Mazars, the audit firm that prepared proof-of-reserves (POR) reports for crypto exchanges, is halting all work for crypto clients, according to a statement by Binance. Mazars worked with several major crypto bourses including Binance, Crypto.com, and KuCoin.
“Mazars has indicated that they will temporarily pause their work with all of their crypto clients globally, which include Crypto.com, KuCoin, and Binance. Unfortunately, this means that we will not be able to work with Mazars for the moment.”
The move comes just a day after another accounting firm, Armanino, was reportedly terminating crypto audit practice and dropping certain clients, according to Forbes. The report stated that Armanino’s decision could be due to pressure from the firm’s non-crypto clients, citing reputational risks.
Armanino, which was in charge of FTX.US and Nexo’s POR reports, was sued in a class-action lawsuit filed in November, which alleged the audit firm failed to take notice of irregularities at FTX.US after carrying out its audit in 2021. Others named in the lawsuit included FTX CEO Sam Bankman-Fried, and Prager Matis, as well as FTX co-founder Gary Wang and Alameda Research former CEO Caroline Ellison.

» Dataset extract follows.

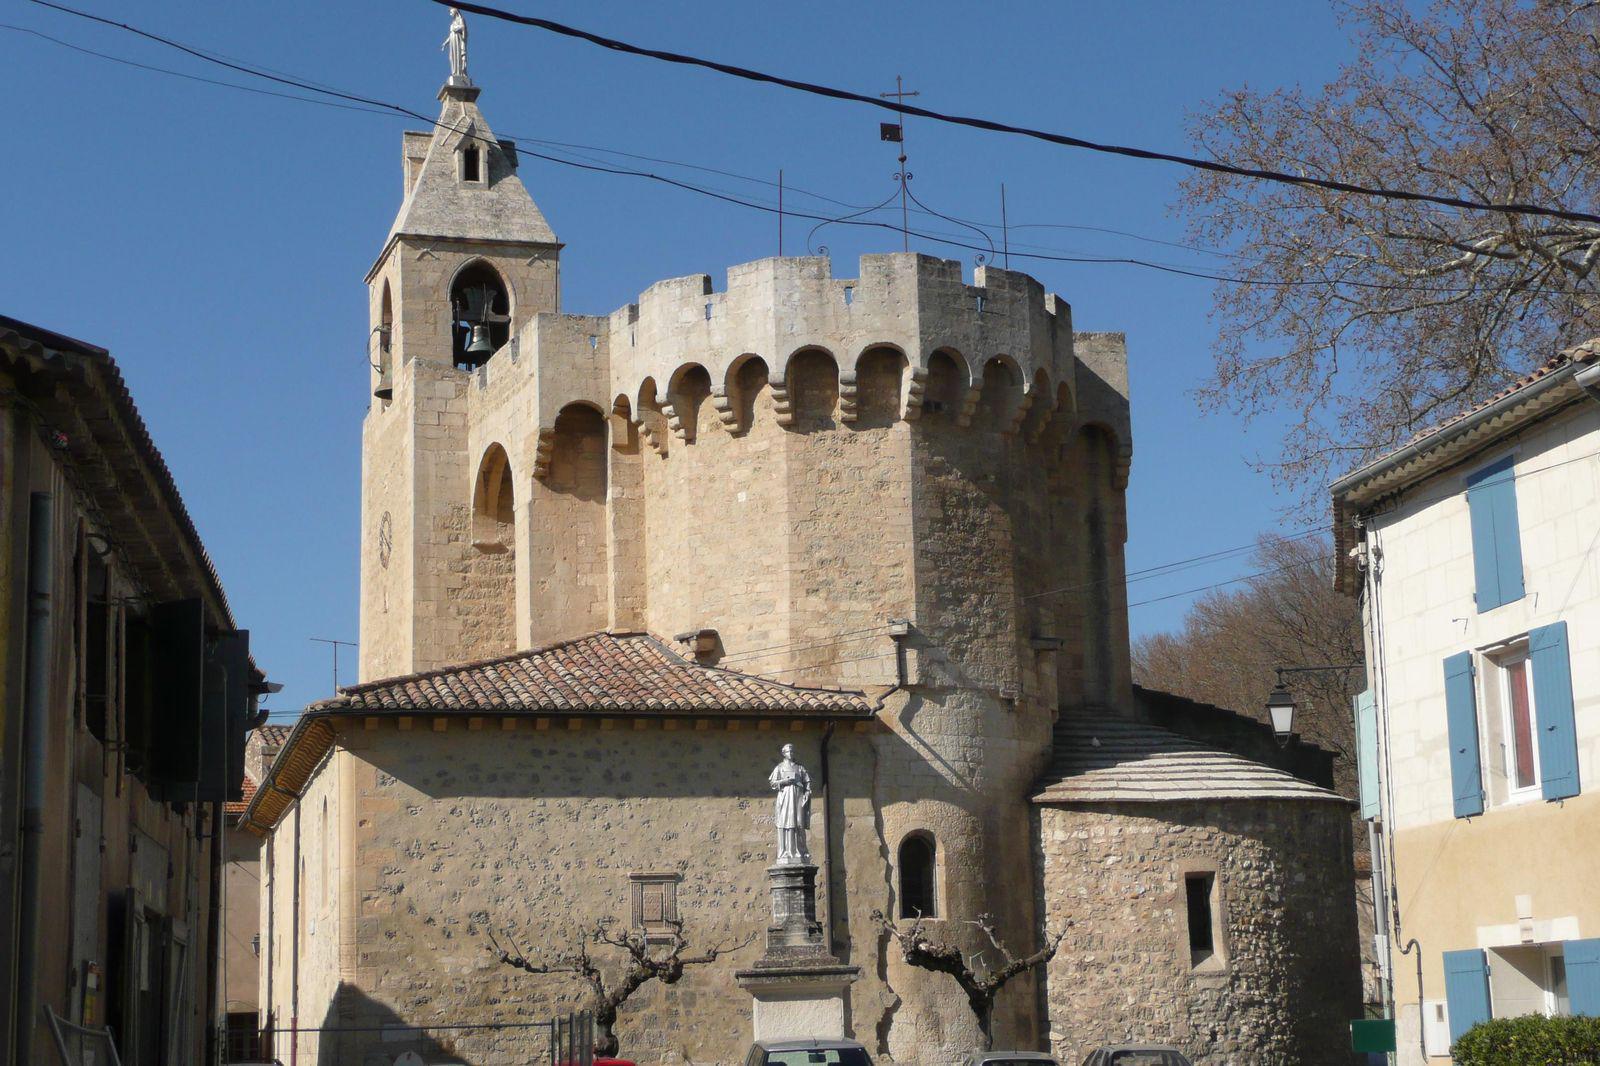 Saint-Andiol

The suit also accused Armanino of failing to fulfill its obligations to make sure FTX was not taking part in illegal activities. Plaintiff Stephen Pierce, who filed the lawsuit on behalf of himself and other affected investors, said Aramnino was “wilfully blind” to FTX’s scheme. Pierce lost around $20,000 in the FTX debacle.
Mazars’ decision to halt collaboration with crypto clients comes a week after the audit firm published a Binance’s POR report. The POR statement showed that Binance’s bitcoin reserves were overcollateralized. However, regardless of the report, there were massive withdrawals at the world’s biggest crypto exchange as investors remained weary of centralized exchanges.
The French auditor has been leading the crypto sector’s rush to prepare POR reports for major crypto exchanges in the wake of FTX’s implosion last month. Since then, crypto bourses have been under pressure to provide more insight into their reserves as billions of dollars of investors’ funds were lost as the FTX contagion spread.